Preprocessing for large-scale Matching: Stitching Web Tables for Improving Matching Quality
Tables on web pages ("web tables") cover a diversity of topics and can be a source of information for different tasks such as knowledge base augmentation or the ad-hoc extension of datasets. However, to use this information, the tables must first be integrated, either with each other or into existing data sources. The challenges that matching methods for this purpose have to overcome are the high heterogeneity and the small size of the tables. To counter these problems, web tables from the same web site can be stitched before running any of the existing matching systems. This means that web tables are combined based on a schema mapping, which results in fewer and larger stitched tables [4]. The source code of the stitching method is available in the Web Tables Stitching project.
Data Search for Data Mining (DS4DM)
Analysts increasingly have the problem that they know that some data which they need for a project is available somewhere on the Web or in the corporate intranet, but they are unable to find the data. The goal of the 'Data Search for Data Mining' (DS4DM) project is to extend the data mining platform Rapidminer with data search and data integration functionalities which enable analysts to find relevant data in potentially very large data corpora, and to semi-automatically integrate the discovered data with existing local data.
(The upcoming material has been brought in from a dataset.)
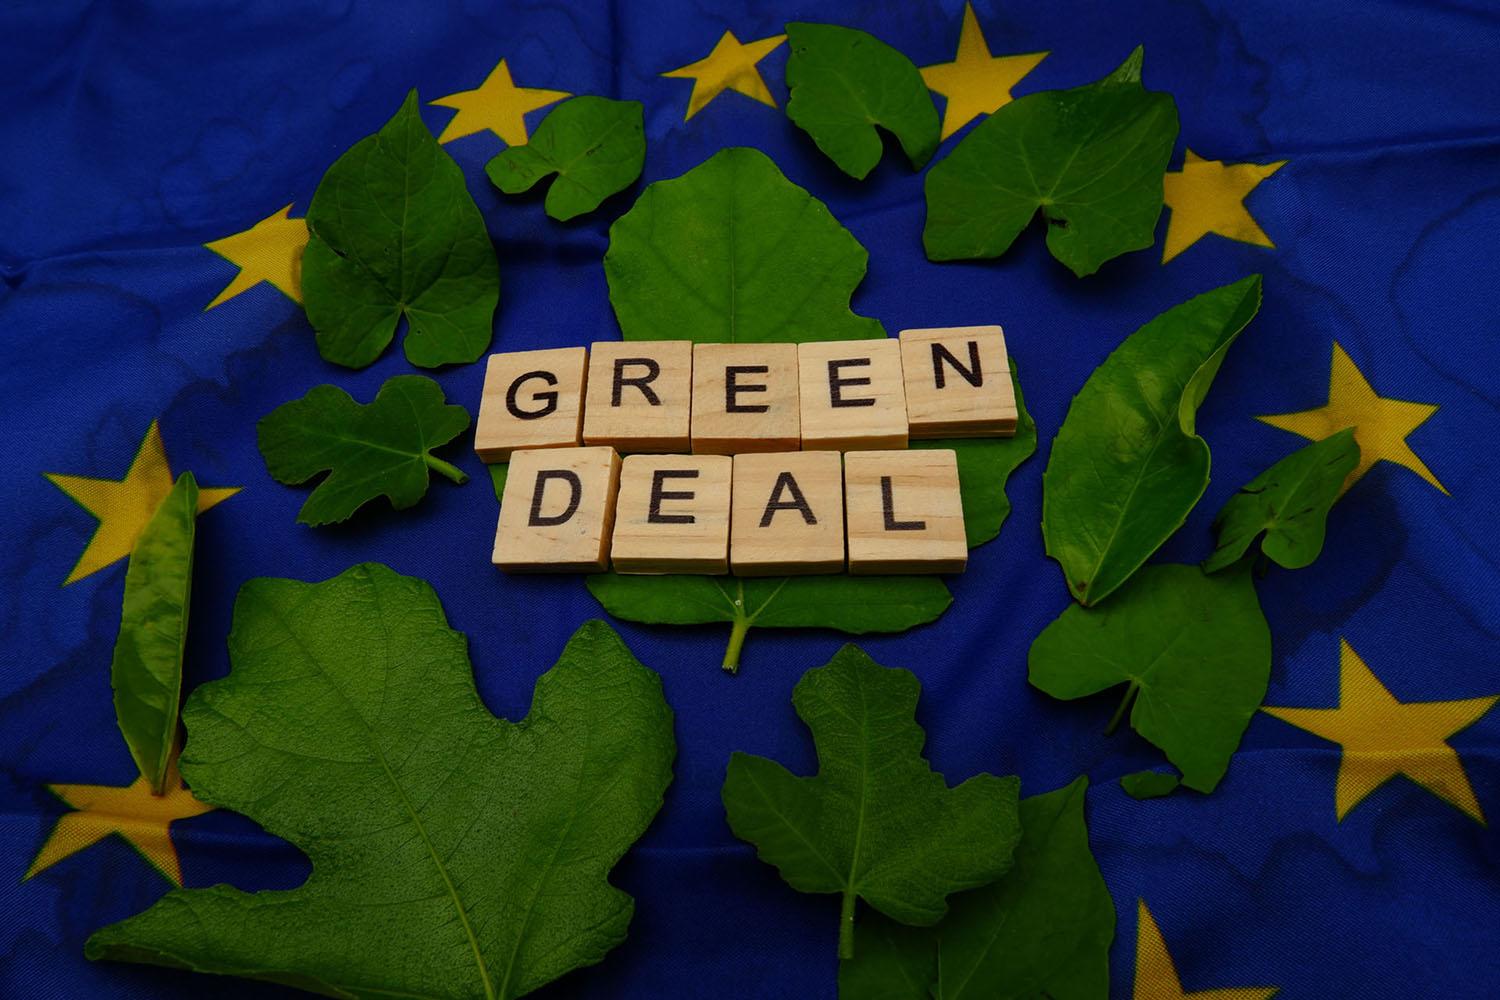 Europos Parlamentas brėžia žalią kryptį: laimėsime visi /
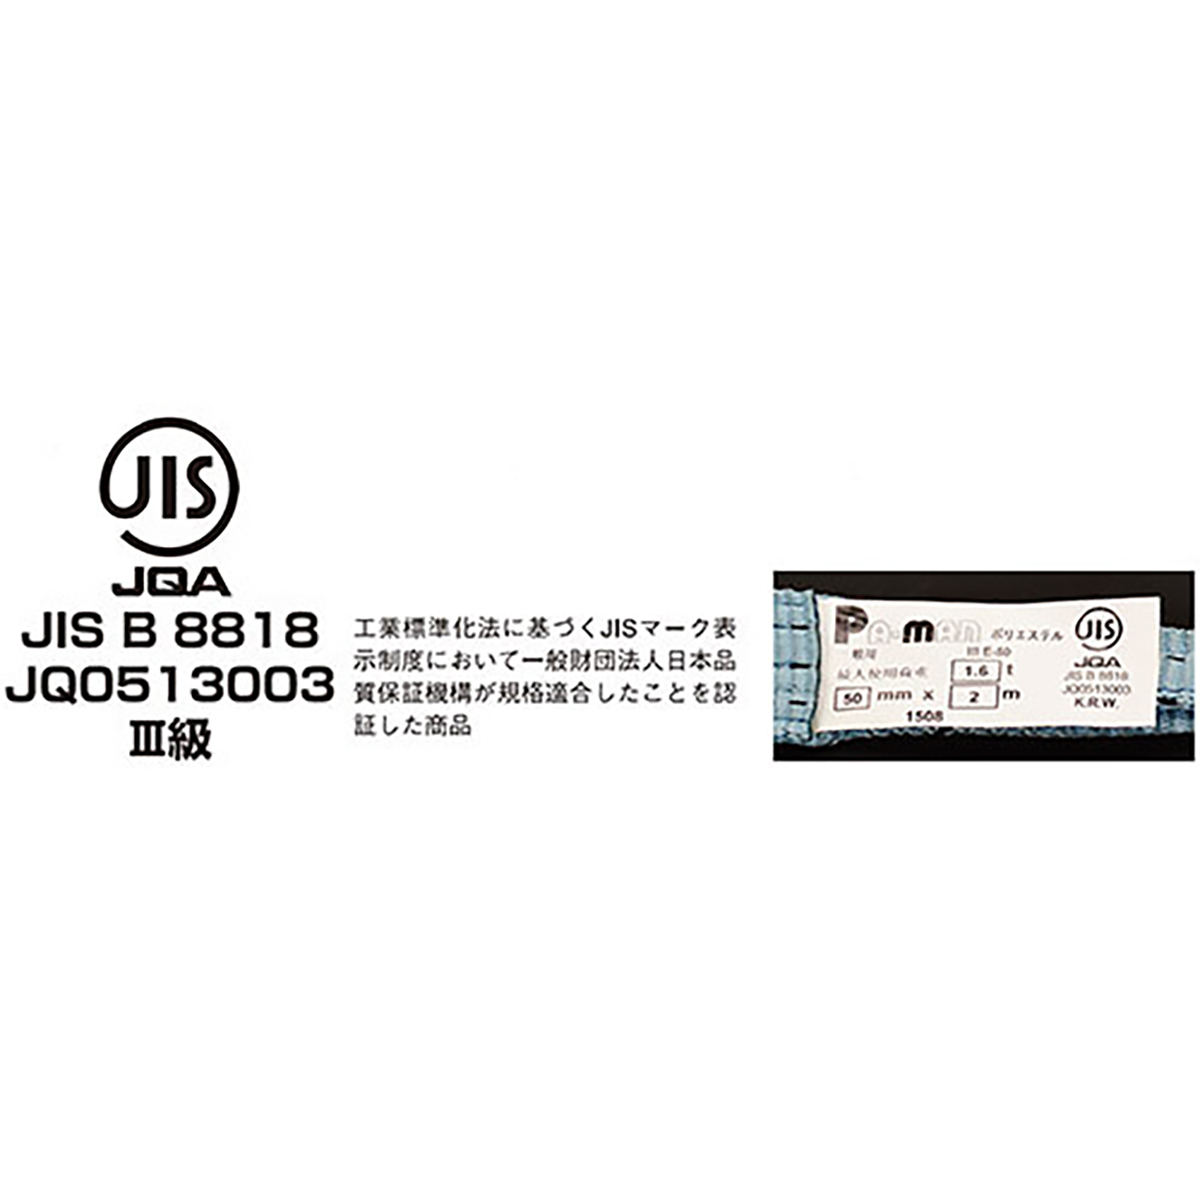 ポリベルトスリング JIS III級 ソフト面付 巾50mm 10m 1本

If you have any questions, please refer to the Wiki and the JavaDoc first. For further information contact oli [at] informatik [dot] uni-mannheim [dot] de
The WInte.r framework can be used under the Apache 2.0 License.
If you use the WInte.r framework in any publication, please cite [5].
WInte.r is developed at the Data and Web Science Group at the University of Mannheim.
[1] Ritze, D., Lehmberg, O., & Bizer, C. (2015, July). Matching html tables to dbpedia. In Proceedings of the 5th International Conference on Web Intelligence, Mining and Semantics (p. 10). ACM.
[2] Ritze, D., Lehmberg, O., Oulabi, Y., & Bizer, C. (2016, April). Profiling the potential of web tables for augmenting cross-domain knowledge bases. In Proceedings of the 25th International Conference on World Wide Web (pp. 251-261). International World Wide Web Conferences Steering Committee.
[3] Lehmberg, O., Ritze, D., Meusel, R., & Bizer, C. (2016, April). A large public corpus of web tables containing time and context metadata. In Proceedings of the 25th International Conference Companion on World Wide Web (pp. 75-76). International World Wide Web Conferences Steering Committee.
[4] Lehmberg, O., & Bizer, C. (2017). Stitching web tables for improving matching quality. Proceedings of the VLDB Endowment, 10(11), 1502-1513.
[5] Lehmberg, O., Brinkmann, A., & Bizer, C. WInte. r - A Web Data Integration Framework. ISWC 2017.